Protecting T-cells with chemokine receptor drugs or gene therapy could prevent HIV from taking hold. However, it won't get rid of viruses that are already inside cells--the requirement for a cure. So some researchers are devising ambitious schemes to kill infected cells. Their approach: design a friendly virus coated with both CD4 and chemokine receptors. The virus can use the same entry system as HIV to get into the infected cell and then kill it. Researchers such as Michael J. Endres of the University of Pennsylvania have already reported progress in making such a killer virus.

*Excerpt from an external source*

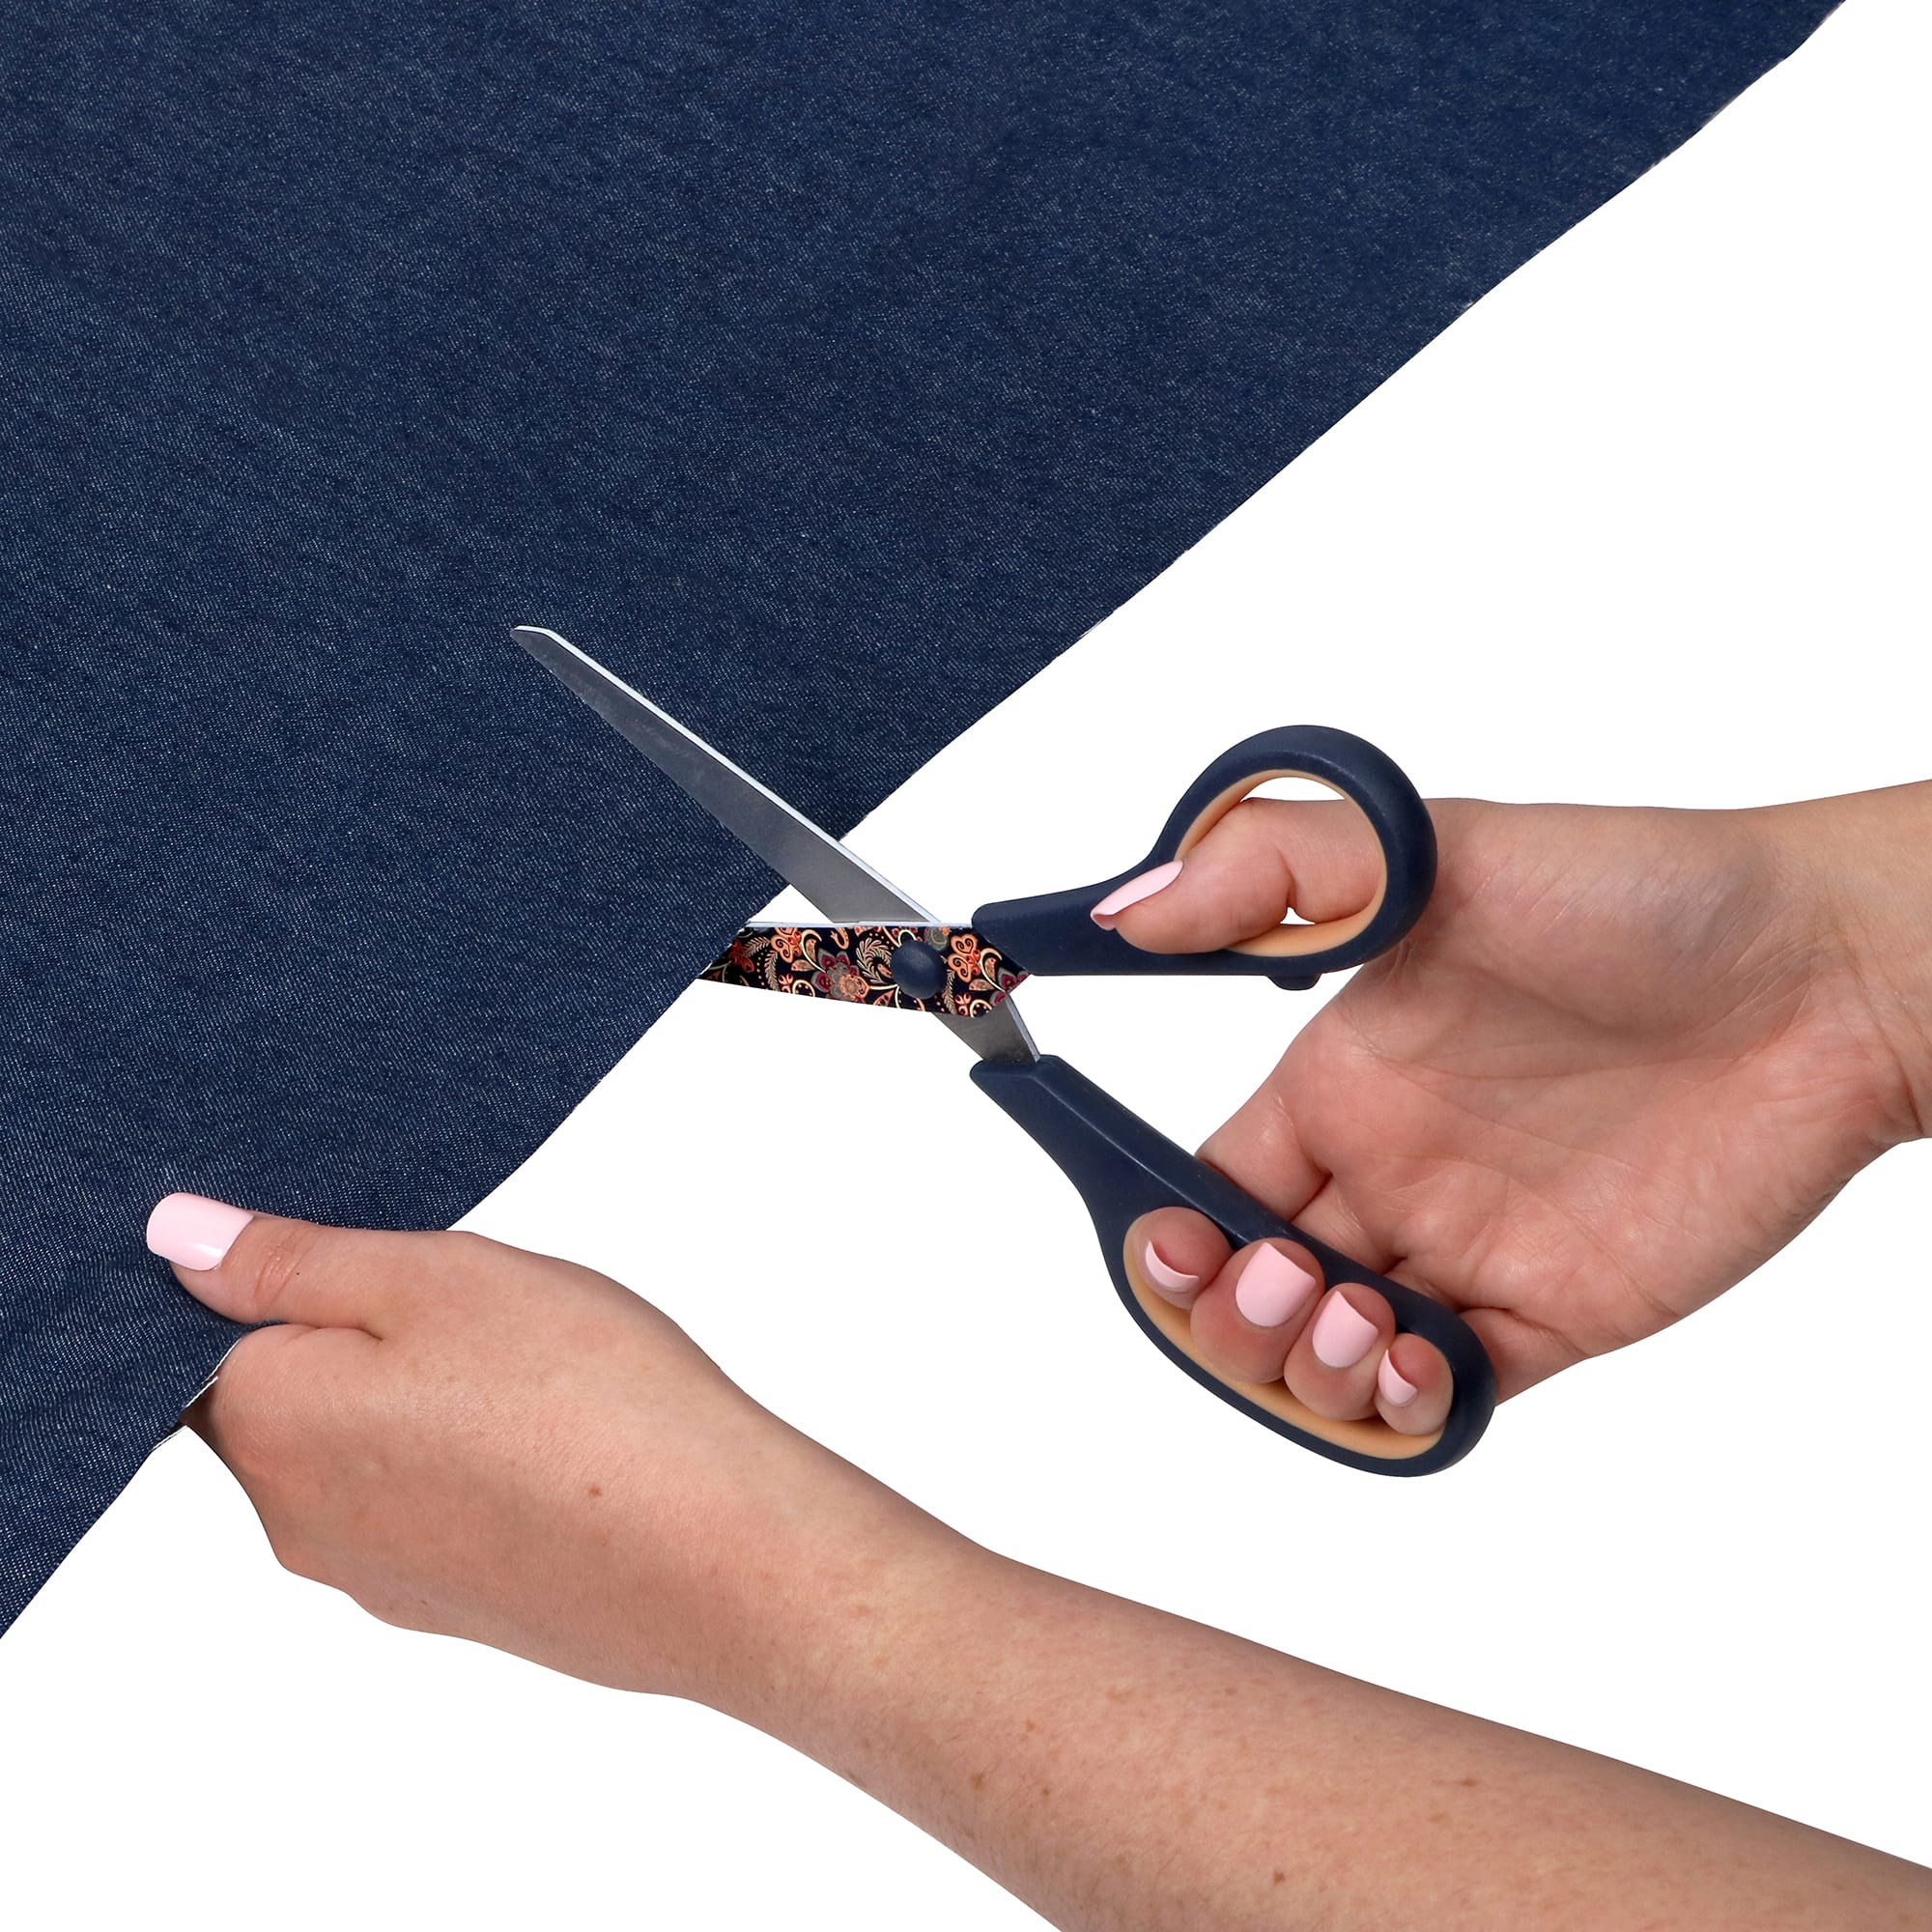 Singer Fabric & Craft Scissors Set W/comfort Grip 2/pkg-8.5

END RUN. Of course, there's no guarantee these strategies will work. With chemokine receptor-blocking drugs, the approach that is the furthest along, "the main concern is that if you block one receptor, you may drive the virus to using another one," warns AIDS researcher John P. Moore at Aaron Diamond. Before treating patients with such a drug, "you have to make damn sure you've got inhibitors for the other receptors," he says. While there's no reason such additional inhibitors can't be made, no one knows the side effects of blocking chemokine receptors, which may be very biologically important.
Still, the chemokine strategy offers a major advantage over drugs such as protease inhibitors that attack the virus directly. "The virus can mutate to step around drugs," explains Robert W. Doms of the University of Pennsylvania. "But when you go after a normal cellular protein that the virus needs, it may not be able to mutate as much." That has scientists hoping that treatments based on chemokines will keep HIV under control for decades. Patients such as Sharp can only pray that they are right.